Я лежал на спине, в десятке метров от бесформенной кучи железа, от которой все еще шел дым. Воняло горелой резиной и пластиком, самый мерзкий запах на свете. Кажется, что он пропитывает легкие, отчего на них появляется черная копоть, режет грудь, заставляет глаза слезиться. Отвратительный, ужасный запах…

Огня не было, только тлели заросли сухого кустарника, на которые мы упали. Странно, что я сам не сгорел, температура здесь должна была быть чертовски большой. Я стал ощупывать себя в поисках ожогов, нашел несколько, но неопасных, на лице и шее. Встать было труднее. Меня шатало из стороны в сторону, ноги сами собой разъезжались, я словно пытался стоять на качающейся палубе корабля, идущего сквозь штормовые волны.
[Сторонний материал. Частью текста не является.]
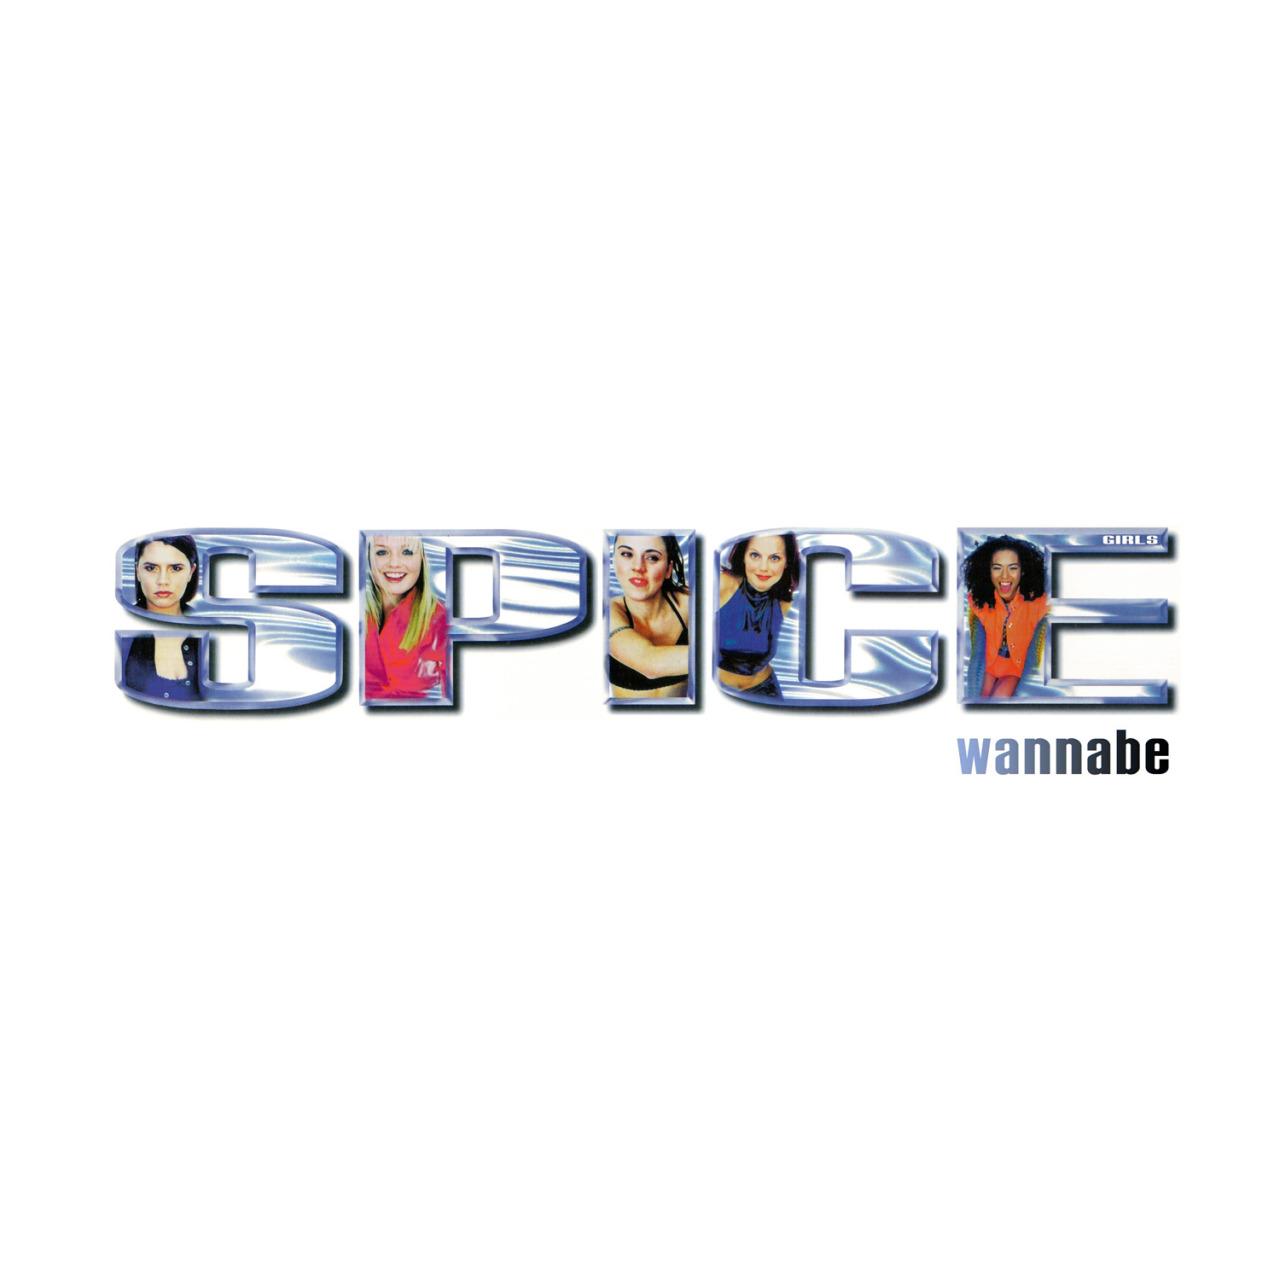 Spice Girls | Wannabe

Через некоторое время удалось встать на колени и тогда меня вырвало какой-то горькой желчью. Откашлявшись, я долго стоял на четвереньках, пытаясь сосредоточиться на том чтобы перестала кружиться голова. Кажется, в ней что-то сместилось — окружающий мир плыл, то и дело окутываясь белесым тошнотворным туманом. Сострясение?

Наверно. И правая нога еще… Вроде перелома нет. Связки… Космос, ты добр, спасибо тебе, старик. Спасибо, отец. Уберег, черт, уберег… Не думал, что получится… Я молиться тебе буду, я…

Я заплакал, но не почувствовал слез на обожженных и залитых засохшей уже кровью щеках. Мой летный комбинезон почернел, местами оплавился, на груди висела блестящая металлом бахрома — то, что осталось от рации и системы жизнеобеспечения. Шлем валялся неподалеку — покрытое огромными вмятинами тусклое яйцо. Должно быть, я снял его бессознательно, уже после приземления. Если падение с таким ускорением и на одной едва тянущей аммортизационной капсуле можно называть приземлением…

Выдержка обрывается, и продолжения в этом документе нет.